Below shows the first few rows of the dataset, which contains the following information:

pokemon = read.csv("Pokemon.csv")
# going to reference this pokemonCluster later on
pokemonCluster <- pokemon %>%
    select(Name:Type.2, Total:Speed)

# Below code is the equivalent of str(Pokémon) but with better formatting
data.frame(variable = names(pokemon),
           class = sapply(pokemon, class),
           first_values = sapply(
               pokemon, function(x) paste0(head(x),  collapse = ", ")),
           row.names = NULL) %>% 
  kable()
variable class first_values
X. integer 1, 2, 3, 3, 4, 5
Name factor Bulbasaur, Ivysaur, Venusaur, VenusaurMega Venusaur, Charmander, Charmeleon
Type.1 factor Grass, Grass, Grass, Grass, Fire, Fire
Type.2 factor Poison, Poison, Poison, Poison, ,
Total integer 318, 405, 525, 625, 309, 405
HP integer 45, 60, 80, 80, 39, 58
Attack integer 49, 62, 82, 100, 52, 64
Defense integer 49, 63, 83, 123, 43, 58
Sp..Atk integer 65, 80, 100, 122, 60, 80
Sp..Def integer 65, 80, 100, 120, 50, 65
Speed integer 45, 60, 80, 80, 65, 80
Generation integer 1, 1, 1, 1, 1, 1
Legendary factor False, False, False, False, False, False

We should probably clean up the Pokémon names in the dataset as there seem to be repetitions with the ‘Mega’ variety, e.g. “AbomasnowMega” as seen above. There are others with squashed names later on such as “PumpkabooAverage Size” so we’ll clean those up too.

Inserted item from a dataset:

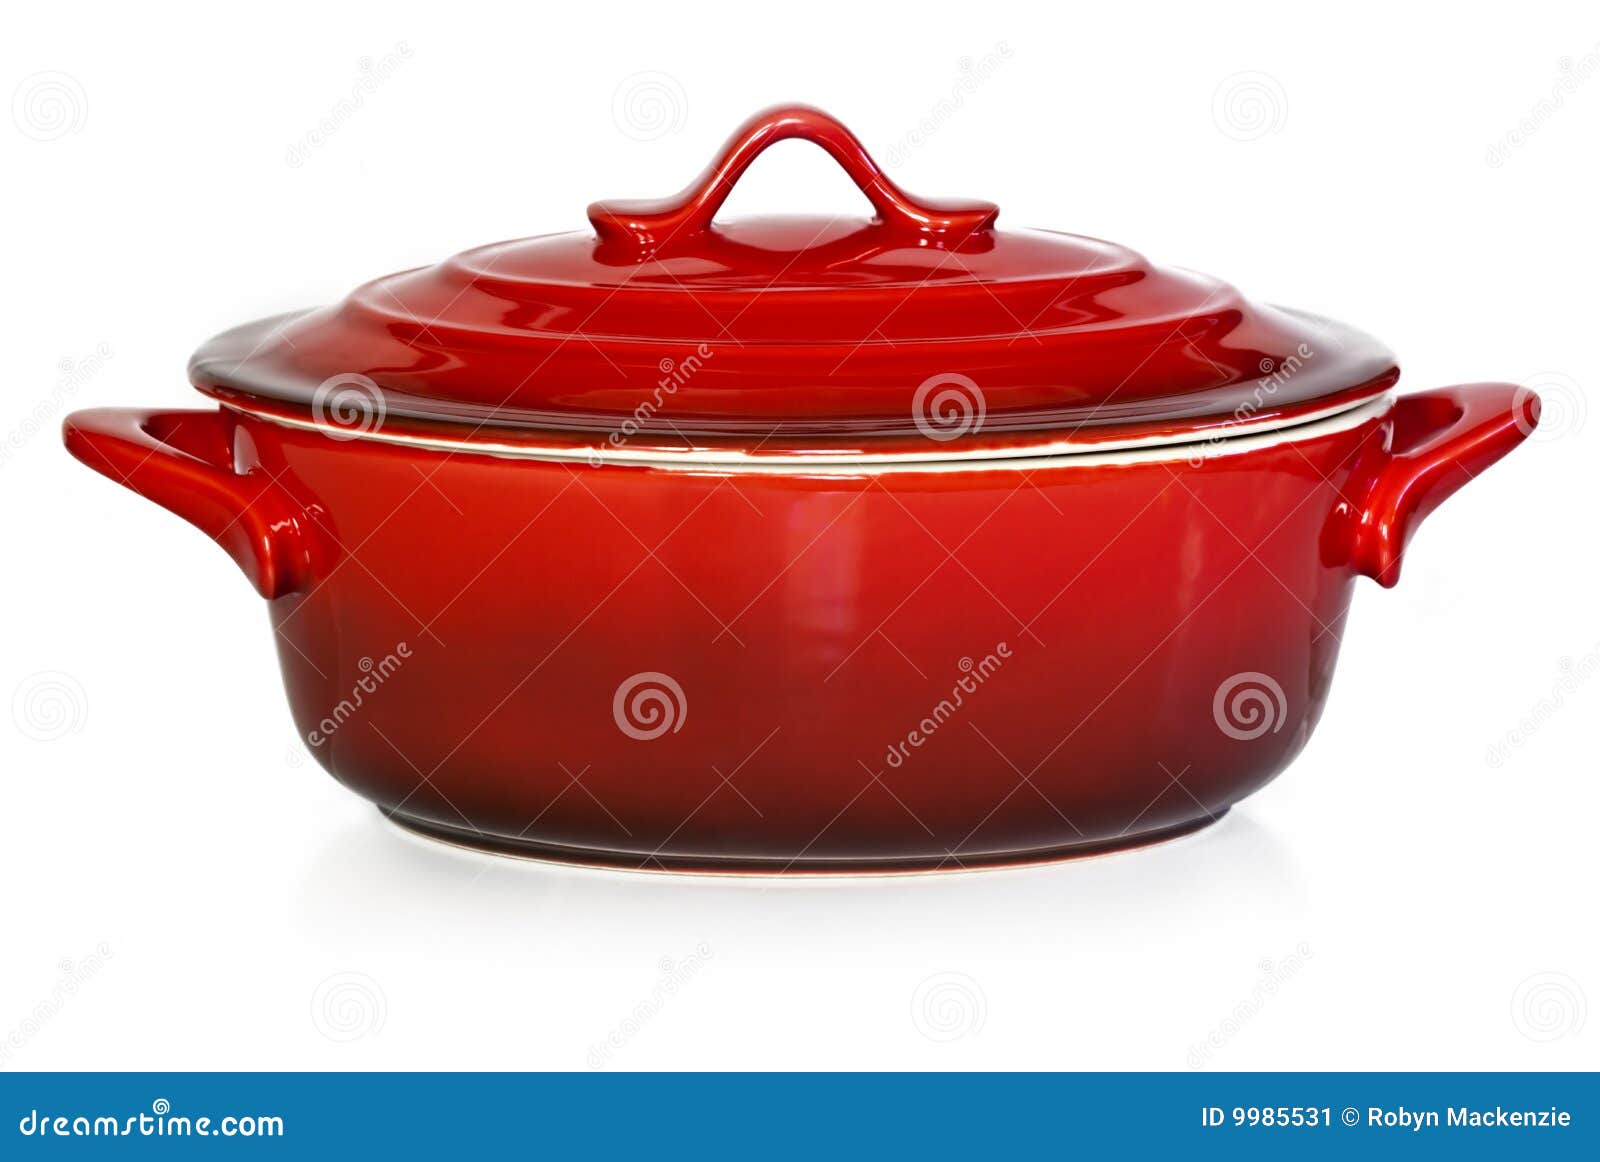 red crock pot

# Clean names that are supposed to start with "Mega"
pokemon$Name = gsub(".*Mega", "Mega",pokemon$Name,ignore.case=T)

# Separate names a little bit more
for (name in c(
    "Deoxys", "Wormadam", "Pumpkaboo", "Gourgeist", "Aegislash",
    "Meowstic", "Tornadus", "Thundurus", "Landorus", "Kyurem",
    "Keldeo", "Meloetta", "Darmanitan", "Giratina", "Shaymin", 
    "Rotom", "Kyogre", "Groudon"
)){
    pokemon$Name = gsub(
            paste0("^", name), paste0(name, " "),pokemon$Name)
}

# Fix back names in previous list that now look like "Rotom " and "Kyurem "
for(name in c("Kyurem", "Rotom", "Kyogre", "Groudon")){
    pokemon$Name = gsub(
            paste0("^", name, " $"), name ,pokemon$Name)
}

kable(head(pokemon))
X. Name Type.1 Type.2 Total HP Attack Defense Sp..Atk Sp..Def Speed Generation Legendary
1 Bulbasaur Grass Poison 318 45 49 49 65 65 45 1 False
2 Ivysaur Grass Poison 405 60 62 63 80 80 60 1 False
3 Venusaur Grass Poison 525 80 82 83 100 100 80 1 False
3 Mega Venusaur Grass Poison 625 80 100 123 122 120 80 1 False
4 Charmander Fire 309 39 52 43 60 50 65 1 False
5 Charmeleon Fire 405 58 64 58 80 65 80 1 False

Replicating the Python - Seaborn package

Next, we’re going to replicate what the Seaborn Kernel in Python by Andrew Gelé can do, just to show off some cool visualisations. It’s also to show that the same visualisations created in Python can be reproduced in R as well.

So firstly, a scatter plot / histogram combination. On the left is shown the generic plot that R can produce, using the ggplot2 and ggExtra packages and the right shows a fancier more colourful version, both of which can be constructed using some simple enough code.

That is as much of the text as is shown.